Let’s talk about gallstones with Dr Alice Fitzgibbon

Let’s talk about gallstones with Dr Alice Fitzgibbon

This month we are going to cover gallstones. Again, a common condition that often needs no treatment, but what exactly are they and how do they cause problems?

Gallstones are small stones, usually made of cholesterol, that form in the gallbladder. The gallbladder is a small organ that sits tucked away beneath your liver. It is a storage place for a liquid called bile. As the liver produces bile, it travels into the gallbladder through small tubes called the bile ducts. The gall bladder then releases bile into the digestive tract when it is needed to help break down the fats from your diet. There are different reasons why gallstones form, but most commonly it is because there is too much cholesterol in the bile. The extra cholesterol will form stones as it is not needed elsewhere.

Many people have gallstones in their gallbladder and are none the wiser. Sometimes gallstones show up when people have investigations for an unrelated problem; this is called an “incidental finding”. It is thought that as many as 1 in 10 adults in the UK may have gallstones, although far fewer than this will have symptoms. The groups of people most likely to develop gallstones are those who are overweight, females (especially if they have had children) and those aged over 40 years old.

So what are the symptoms of gallstones? Gallstones in the gallbladder may have no symptoms. Gallstones that move out of the gallbladder and into the bile ducts may become stuck. The stuck stone will cause a sudden and often severe pain in the abdomen (tummy). The pain is often on the upper right side. It might last for several hours before settling down. If you have this pain you might also feel sick or even be sick. These episodes of pain are known as biliary colic. Often biliary colic may be triggered by eating fatty foods – a low fat diet is best if you have this as it can stop these episodes happening. As with almost every condition we cover on this page, keeping your weight down and having a healthy lifestyle is the most important thing you can do to avoid developing this condition.

Sometimes, people with gallstones can develop complications. These can be serious. One complication is a condition called cholecystitis. It means inflammation of the gallbladder. The symptoms include high temperature, persistent pain and sometimes jaundice (yellowing of the skin). Often people with cholecystitis will need admission to hospital for painkillers and treatment with antibiotics.

If gallstones are causing repeated episodes of tummy pain, or more severe complications like cholecystitis or jaundice, then surgery can be performed to remove the gallbladder.
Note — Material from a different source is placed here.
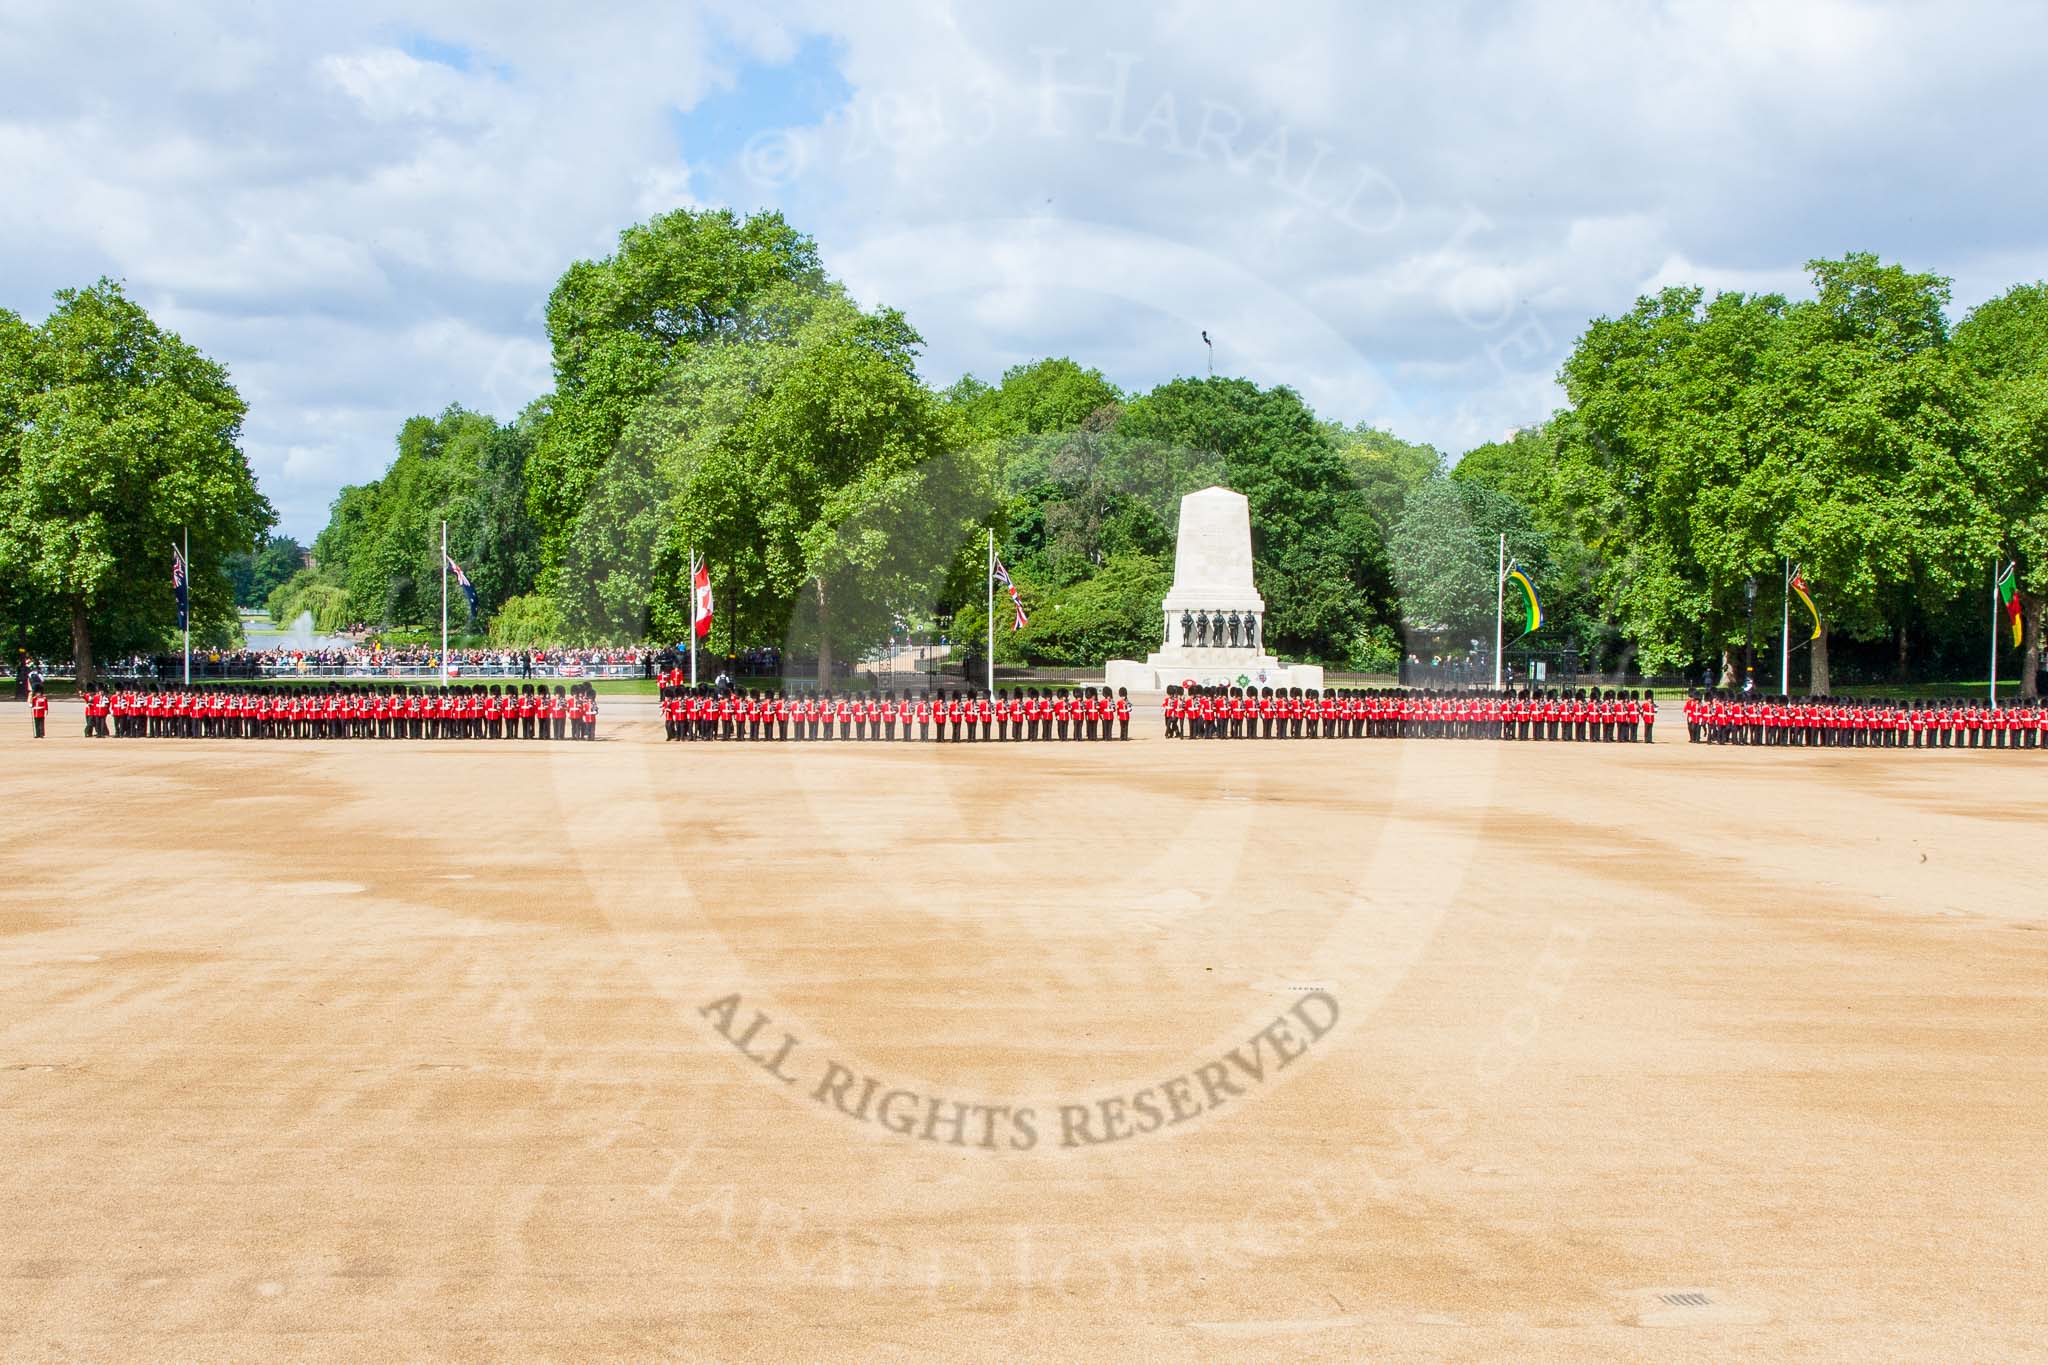 Trooping the Colour 2013: A wide angle overview of Horse Guards Parade - from left to right, No. 1 to No. 4 Guard. Behind No. 1 Guard St. James's Park Lake, behind No. 3 Guard the Guards Memorial. Image #133, 15 June 2013 10:36 Horse Guards Parade, London, UK

Often this is done using keyhole surgery which is simple to perform and has less complications than traditional surgery. You can recover quickly after having your gallbladder removed and live a normal life without it. If the gallbladder is removed, all you have lost is the ability to store bile. The bile produced by the liver will instead empty into the intestine all the time, so it can still do its job in helping you digest the fats in your food.
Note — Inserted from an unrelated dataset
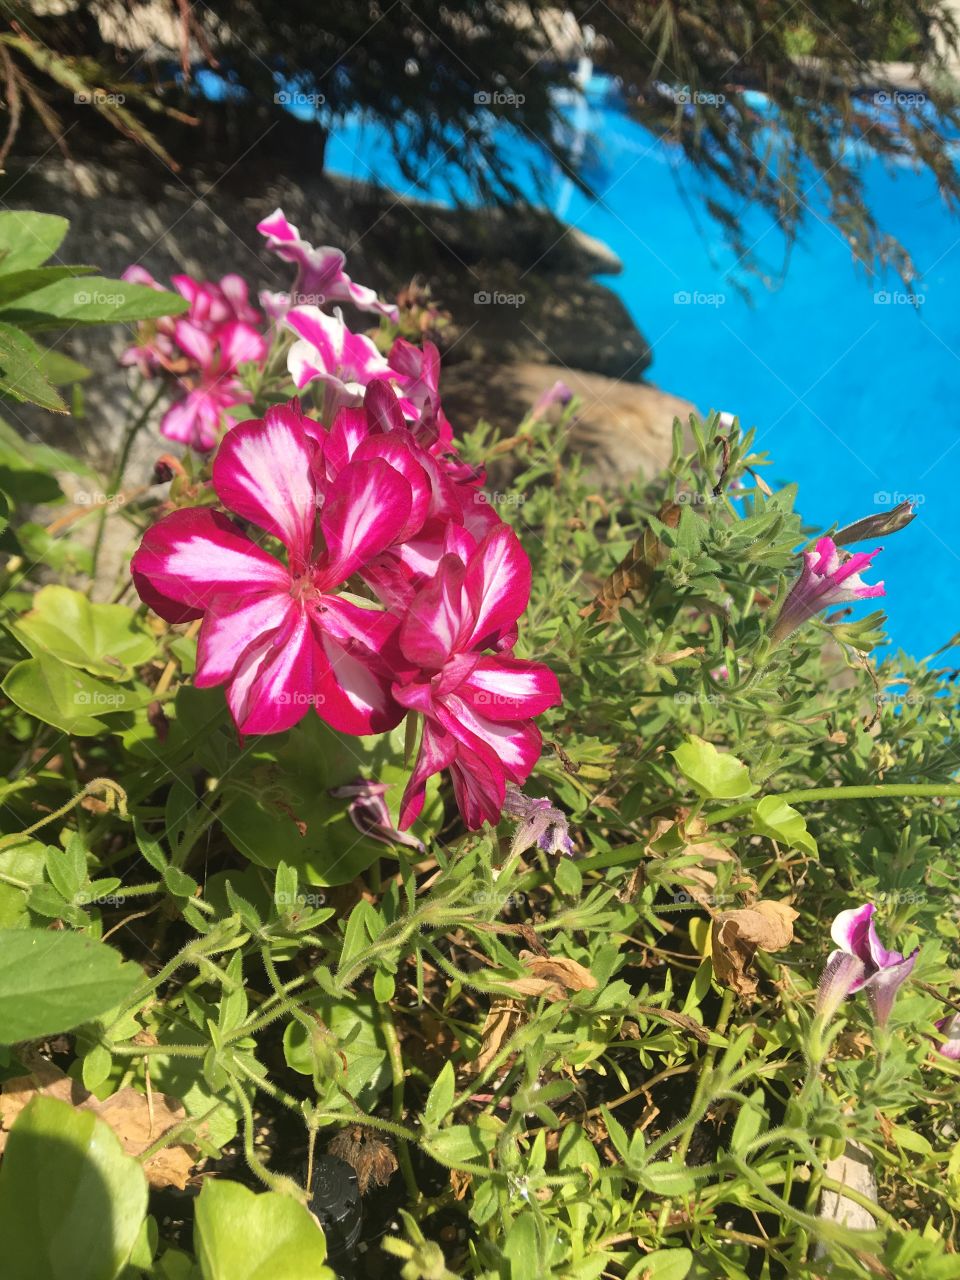 Bright pink flowers sit on the edge of a clear blue pool

Gallstones are often diagnosed by a simple ultrasound scan. If you have them, minimising symptoms by sticking to a low fat diet is important. If you need to consider having your gallbladder removed, your GP may refer you to a surgeon who will discuss this with you. Depending on your health, surgery may not be the best option for you as it does come with risks. If you think you might have gallstones, or experience episodes of on-off abdominal pain, then visit your GP – we will try and help get to the bottom of it!